Сукины дети - Варя Мальцева
Шрифт:
Интервал:
Закладка:
Почему они с Линой не уехали? Побоялись. Другой город будет другим, чужим и незнакомым. Нужно же где-то найти работу, жилье, обзавестись новыми знакомыми. У другого города другой говор, незнакомые слова. Всё будет не так, как они привыкли — будет намного лучше.

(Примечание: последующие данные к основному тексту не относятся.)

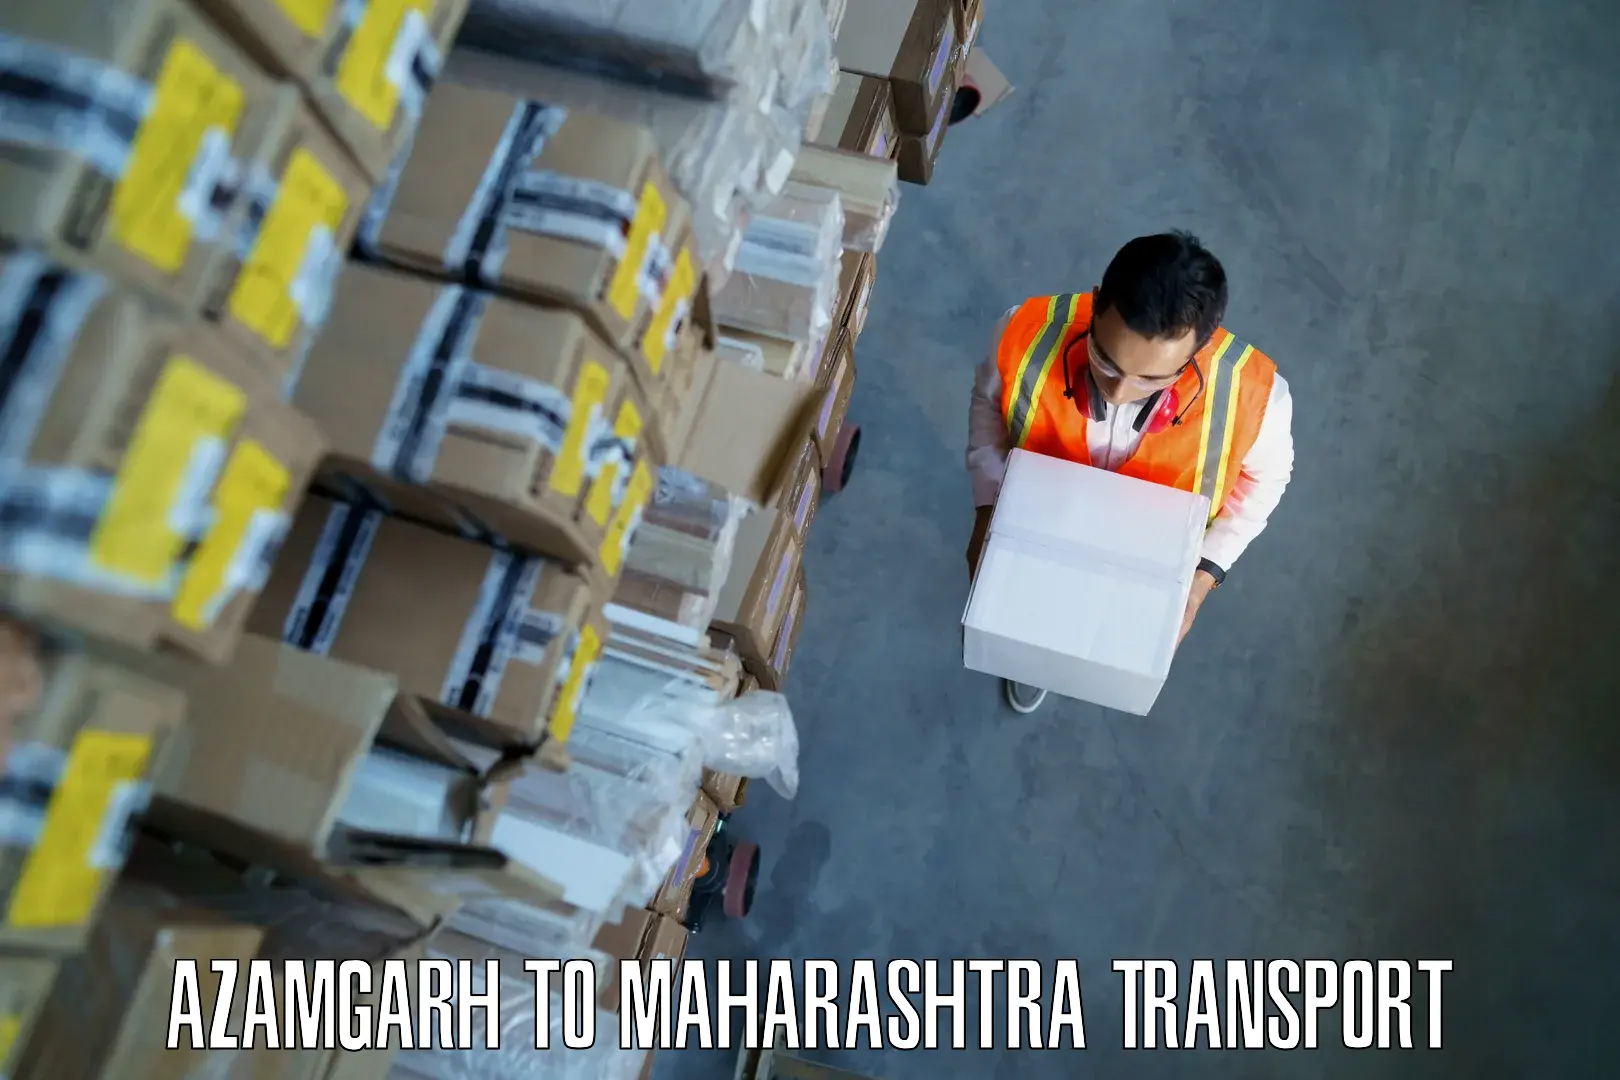 Nearby transport service Azamgarh to Maharashtra

И Нисон, и Лина боялись, они жили здесь всю жизнь и не видели другой. Возможно, это ещё одна их схожая черта, из-за которой они и сошлись.
Новый крик, ещё более громкий и отчаянный, раздался сверху. Охранник повернулся, пару секунд смотрел на лестницу, а затем тихо усмехнулся, повернувшись к Нисону.
— Вишь как твоя, — он, казалось, просто брызгает ядом Нисону в лицо, — мучается поди без тебя. Ты, наверное, волшебник. Сразу же ребенка бы вытащил и без боли. Да-а, тогда я понимаю, почему ты так рвался к жене, — охранник высоко поднимает брови, в горле что-то хлюпает, когда он смеётся, — ничего с ней не случится, посидишь тут. Или вали домой по-хорошему, ты мне докучаешь своим присутствием, сын, — мужчина отпил остывший кофе. И Нисону стало так мерзко от него.
Всё же он последовал предложению охранника и встал, устремляясь к гардеробу, а после, одевшись, обиженно поглядывая на медсестру, ушел, громко хлопнув дверью. В конце концов, его жена сейчас родит ему дочку, ничего не должно испортить настроение, даже эти злые работники. Он вдохнул морозный воздух, что успокоил его. Всё, что ни делается, делается к лучшему. Зато у него появилось время убраться дома, а после купить цветы Лине. Родит она, наверное, только к утру. Она наверняка позвонит ему, а если не позвонит, то Нисон сам придет и пусть его даже побьют, но он пойдет к жене, к дочке, и никто не сможет его остановить. Оглядевшись, он двинулся домой.
…
Так больно физически ей не было никогда. Когда раскрытие только началось, она почему-то завыла от боли, словно вторила ветру за окном. Кажется, собаки так не выли, как Лина тогда. Но всё же приятное ожидание Чуда заставляло её радоваться, не сходить с ума от невыносимой боли. Узкие бедра Лины сейчас как никогда ей помешали. С такими бедрами рожать было очень проблематично, особенно когда ребенок немаленький.
Ещё одной проблемой стали какие-то студенты из местного медицинского колледжа. Лина так и не поняла, как они тут оказались, но очень хотела бы, чтобы они наконец-то ушли. Рядом с ней было слишком много людей, отчего она не могла сосредоточиться, постоянно отвлекалась и даже не могла попросить их заткнуться, ведь силы внезапно покинули её. Врачи кружились вокруг неё, пока она умирала от боли, но всё равно пыталась держать себя в руках.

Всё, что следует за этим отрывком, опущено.